577 577députés 17ᵉ législature

amendement n° None seance Non soutenu

Amendement n° None — APRÈS L'ARTICLE 45 BIS, insérer l'article suivant:

Auteur : Françoise Buffet — Ensemble pour la République (Bas-Rhin · 4ᵉ)
Texte visé : Projet de loi de financement de la sécurité sociale pour 2026
Article : APRÈS L'ARTICLE 45 BIS, insérer l'article suivant:
Date de dépôt : 2025-10-24
Date de sort : 2025-10-31

Dispositif

Dans un délai de six mois à compter de la promulgation de la présente loi, le Gouvernement remet au Parlement un rapport évaluant le nombre de retraités agricoles demeurant exclus du mécanisme d’attribution de points de retraite complémentaire obligatoire au titre de l’article L. 732‑63 du code rural et de la pêche maritime, suite à la modification disposée au 32° du L du I de la loi n° 2025‑199 du 28 février 2025 de financement de la sécurité sociale pour 2025, et en particulier pour les aidants familiaux dans l’incapacité de réunir l’ensemble des trimestres nécessaires à une carrière complète de chef d’exploitation parce qu’un autre chef d’exploitation agricole était en place une partie de celle-ci et qu’il n’était pas possible d’y déclarer deux chefs d’exploitation, car la surface agricole utile de l’exploitation était inférieure à deux fois la surface minimale d’assujettissement. Ce rapport quantifie le manque à gagner pour les retraités concernés, la charge pour l’État que représenterait l’ouverture du droit au bénéfice du complément différentiel de points pour ces retraités et les mesures envisageables pour mettre en œuvre cet objectif.

Exposé sommaire

Cet amendement vise à améliorer l’information et le contrôle du Parlement sur l’application des lois de financement de la sécurité sociale concernant l’attribution de points de RCO complémentaires. Certains non-salariés agricoles (NSA) demeurent en effet exclus du dispositif lorsqu’ils liquident leurs droits à la retraite mais qu’ils n’ont pas été en capacité de réunir l’ensemble des trimestres nécessaires à une carrière complète de chef d’exploitation, parce qu’un autre chef d’exploitation agricole était en place une partie de celle-ci et qu’il n’était pas possible d’y déclarer deux chefs d’exploitation.

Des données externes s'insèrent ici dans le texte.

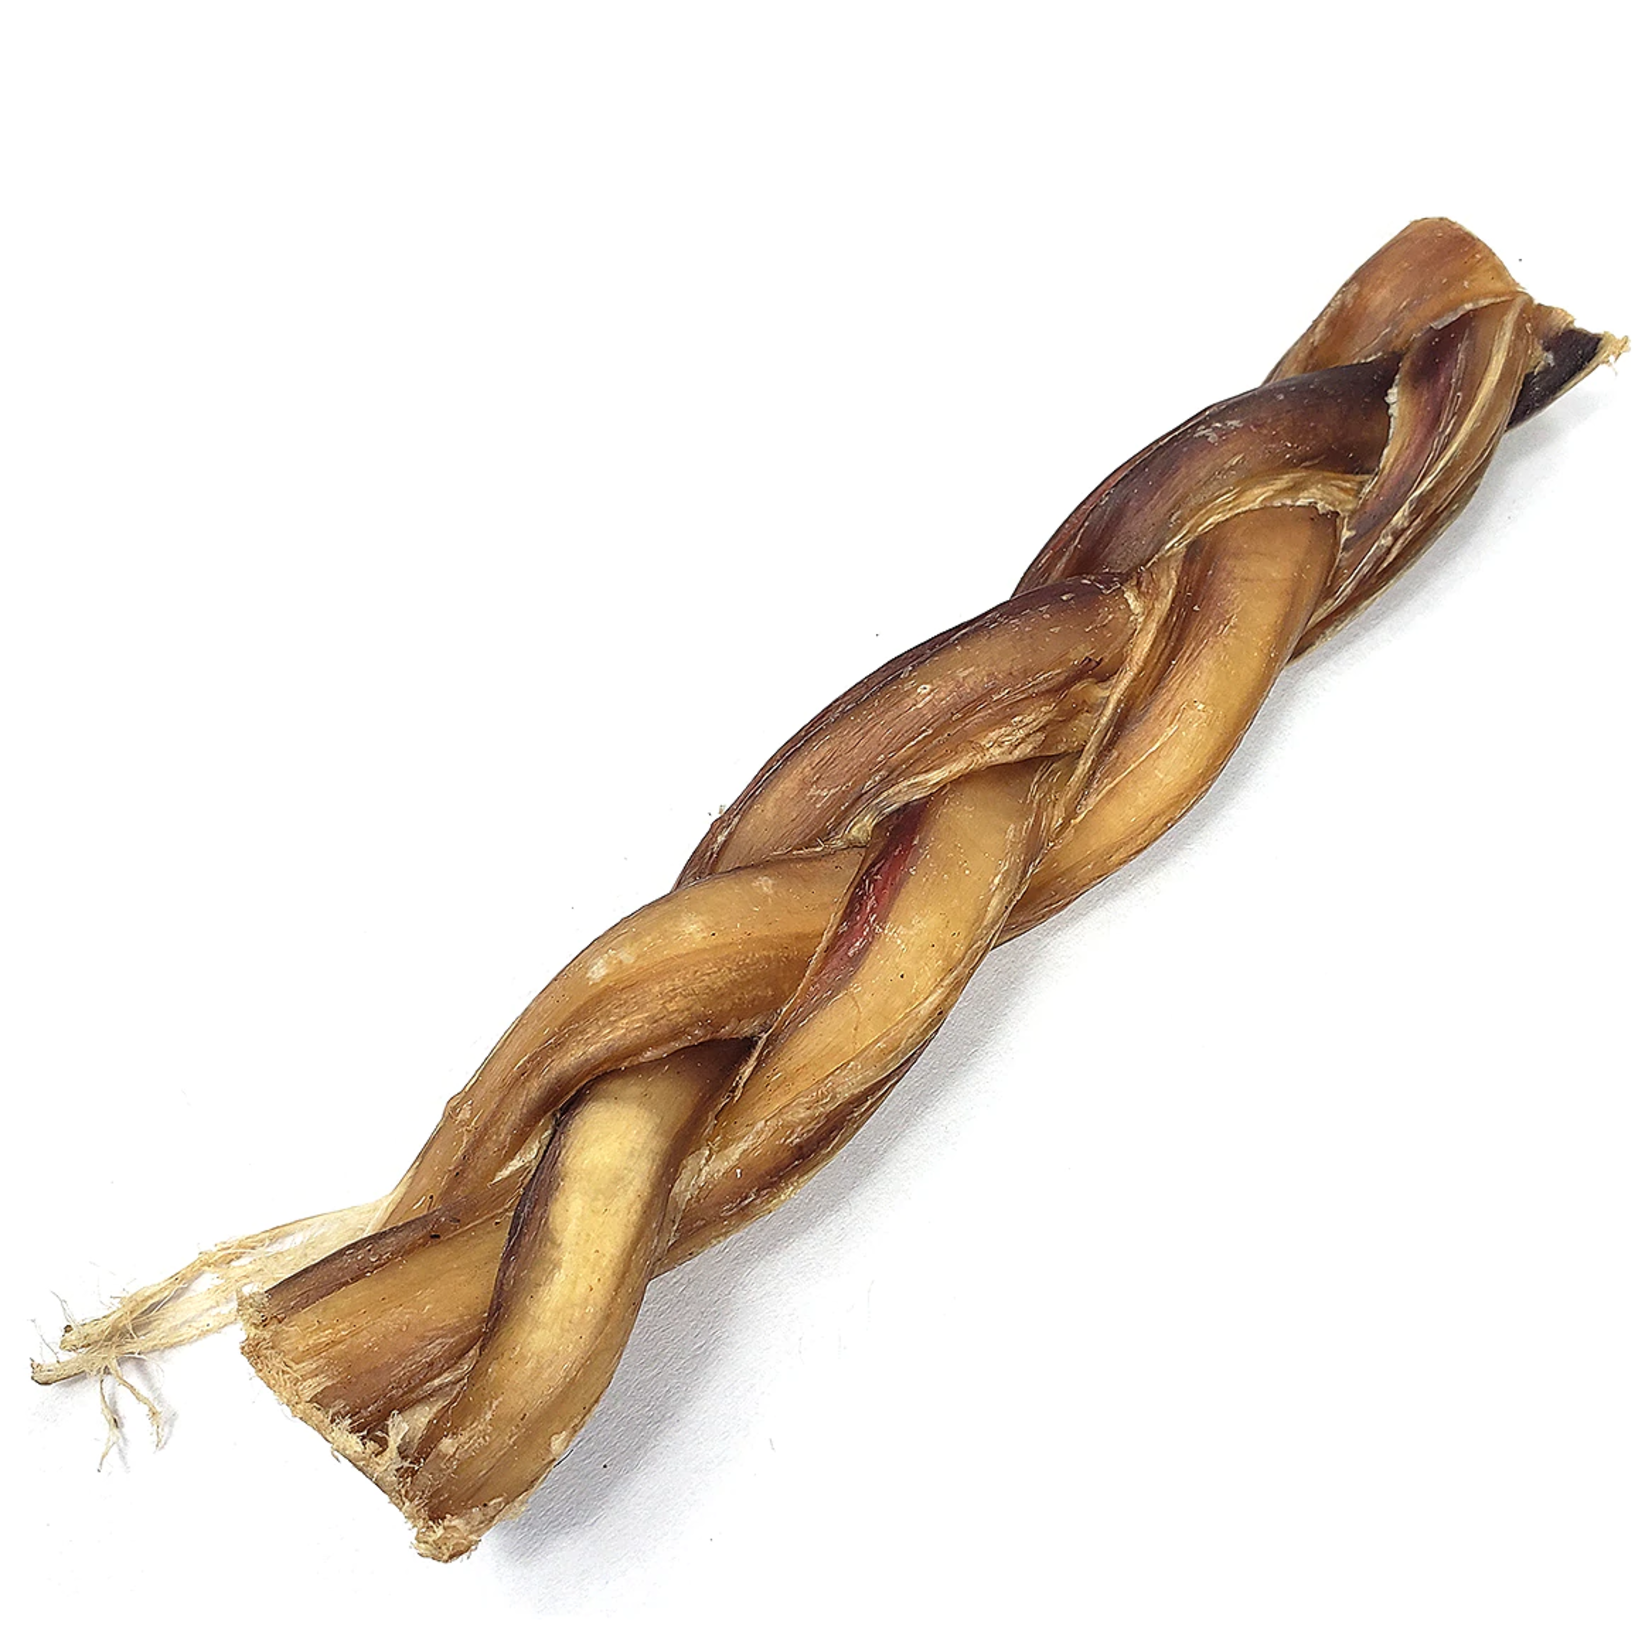 The Natural Dog Company 6" Braided Bully Stick

En Alsace, un agriculteur a par exemple cotisé dix-huit années en tant qu’aidant familial, puisque son père était chef d’exploitation et que la surface ne permettait pas d’avoir deux chefs d’exploitation (car inférieure à deux fois la SMA), puis a cotisé vingt-cinq années en tant que chef d’exploitation une fois son père parti à la retraite. La revalorisation de la retraite à 85 % du SMIC net n’est alors opérée qu’au prorata des années cotisées en tant que chef d’exploitation, ce qui représente un manque à gagner important, alors même qu’il aurait été matériellement impossible pour l’agriculteur de cotiser en tant que chef d’exploitation, même s’il l’avait souhaité.

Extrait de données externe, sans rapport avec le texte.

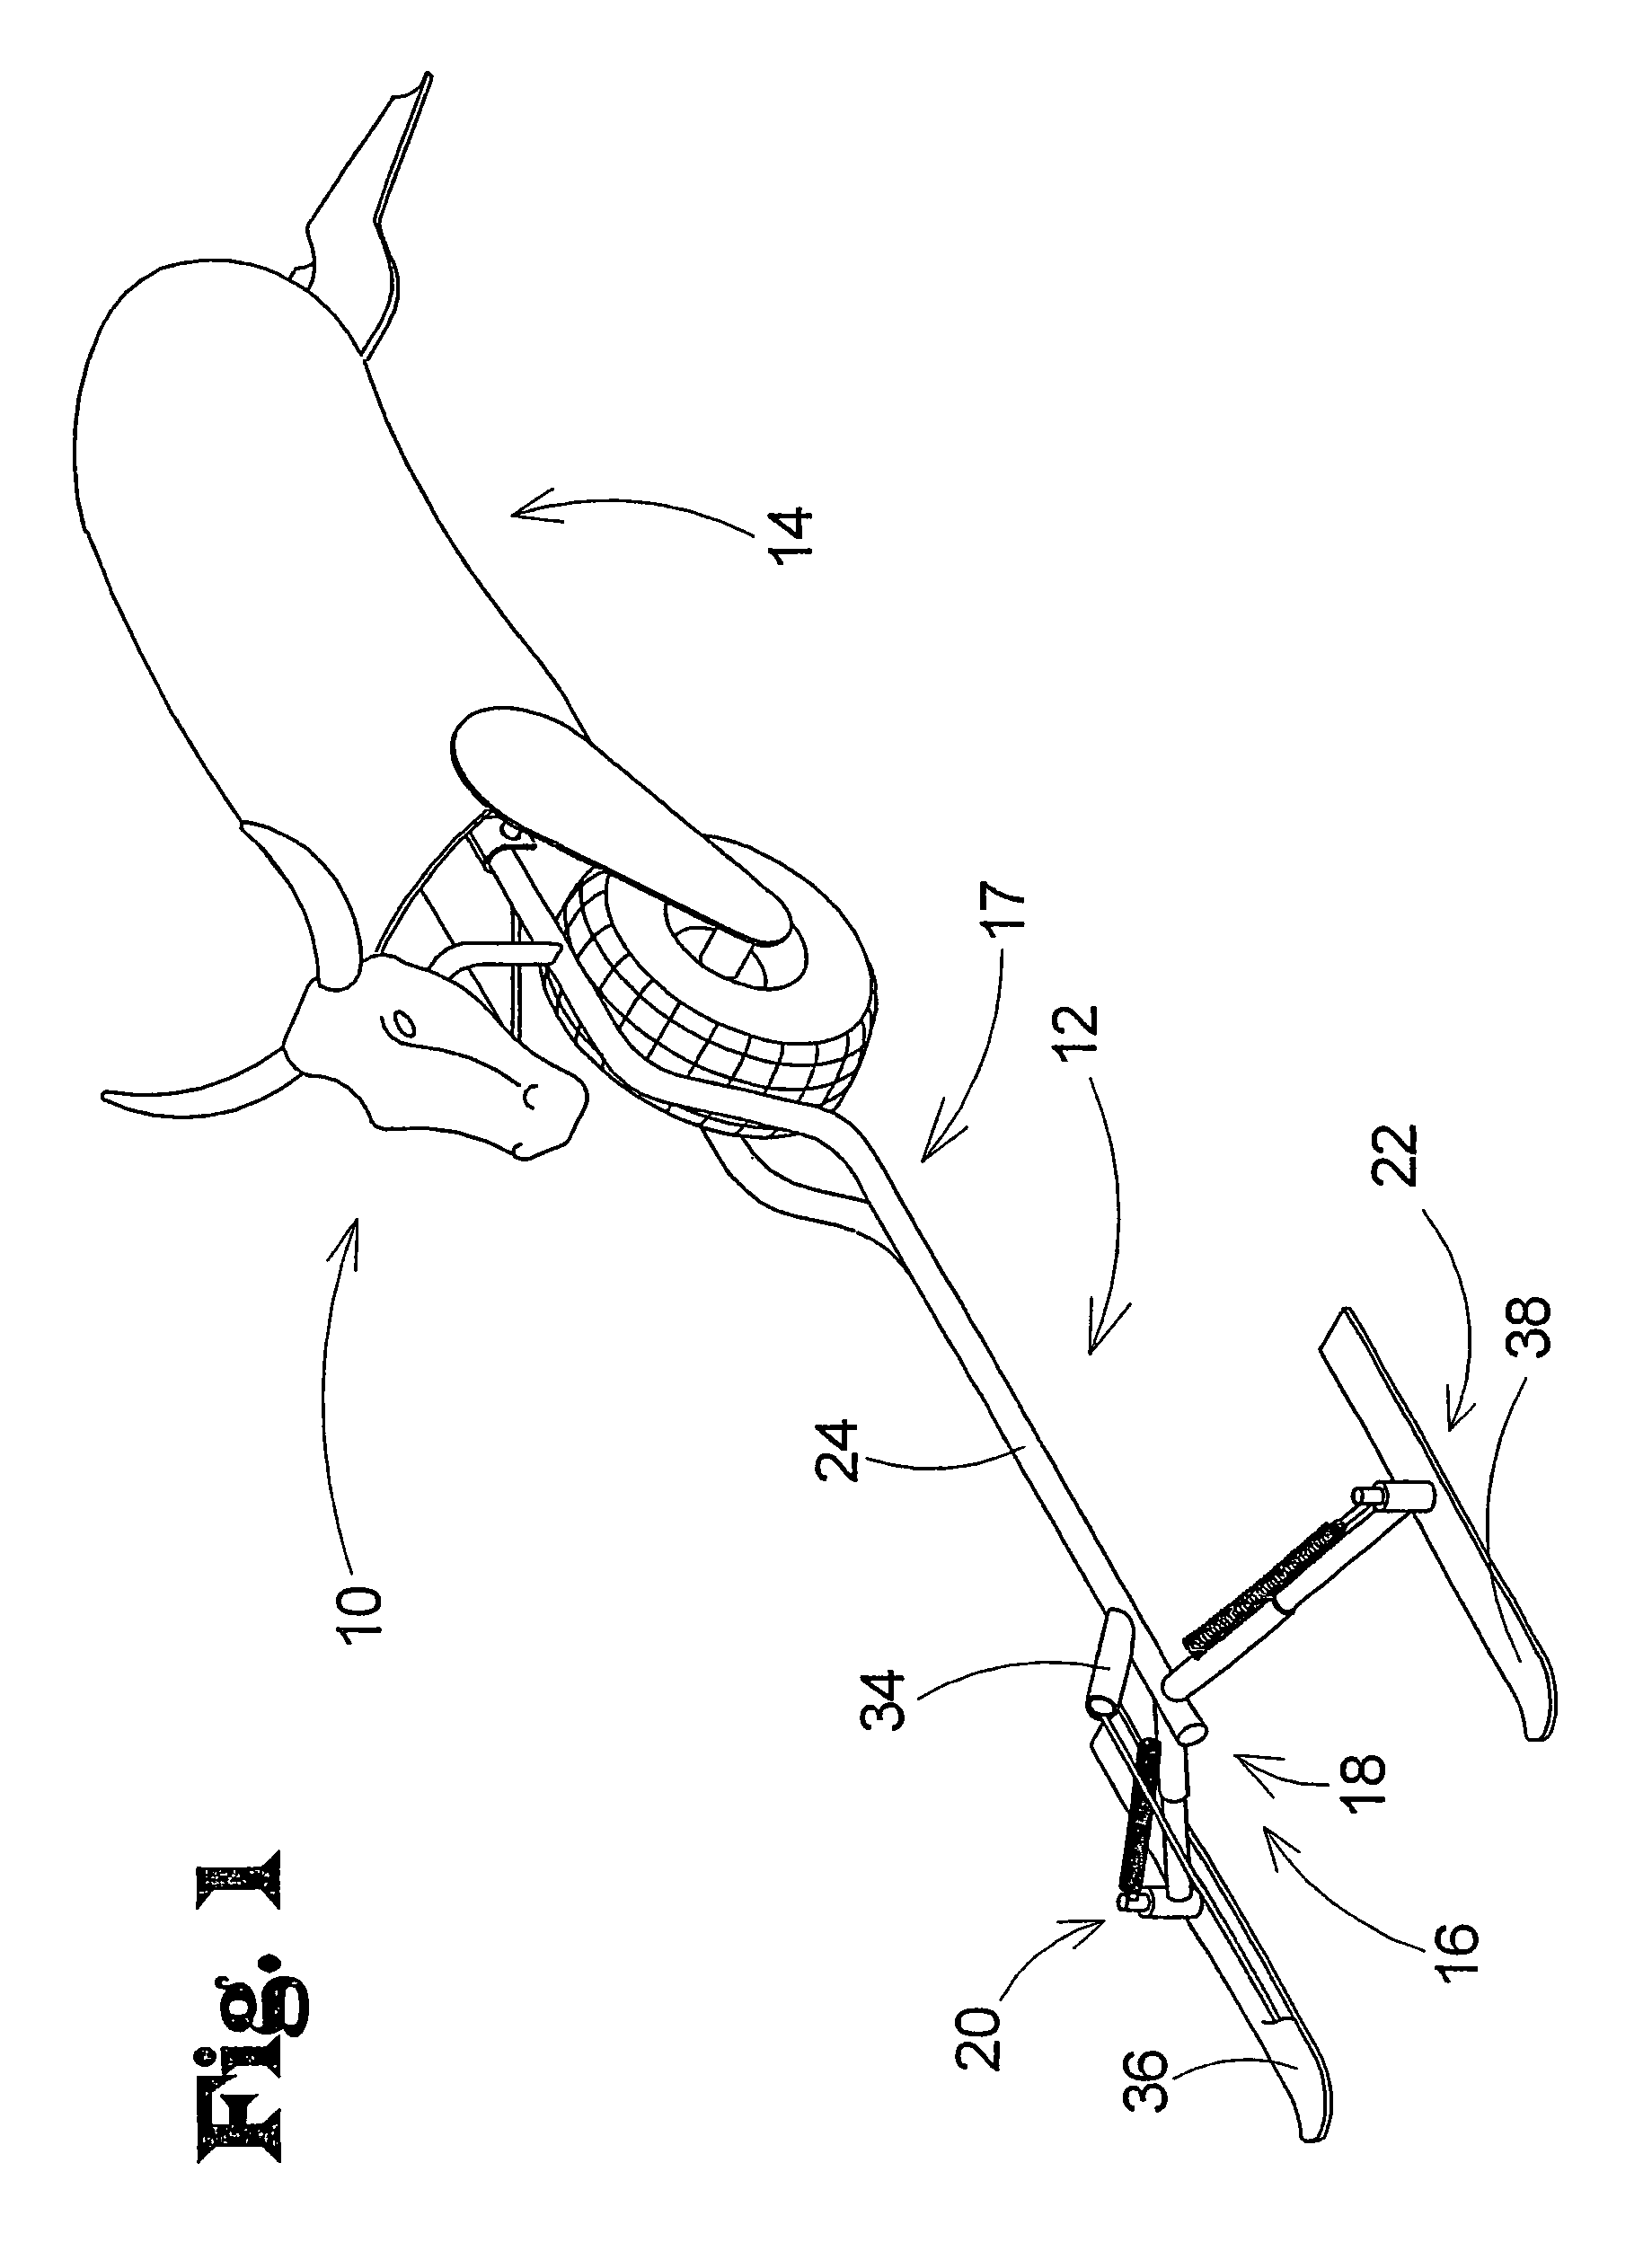 Mechanical roping steer apparatus with pivoting horns and pivoting horn support

Cette difficulté est destinée à s’éteindre, puisque la qualité d’aidant familial ne peut désormais être conservée plus de cinq années. Il reste cependant bon nombre de pensionnés qui ont subi cette qualité durant des périodes plus longues et qui en paient aujourd’hui le prix.

Le présent amendement propose d’établir clairement quel est l’effectif de retraités agricoles concernés, et de chiffre le coût pour l’État d’un régime dérogatoire dans lequel les trimestres cotisés par les descendants d’un chef d’exploitation ou d’entreprise agricole ou de son conjoint en tant qu’aidant familial au sein d’une exploitation dont la surface agricole utile est inférieure à deux fois la surface minimale d’assujettissement ouvriraient droit au bénéfice du complément différentiel de points disposé à l’article L. 732‑63 du code rural et de la pêche maritime.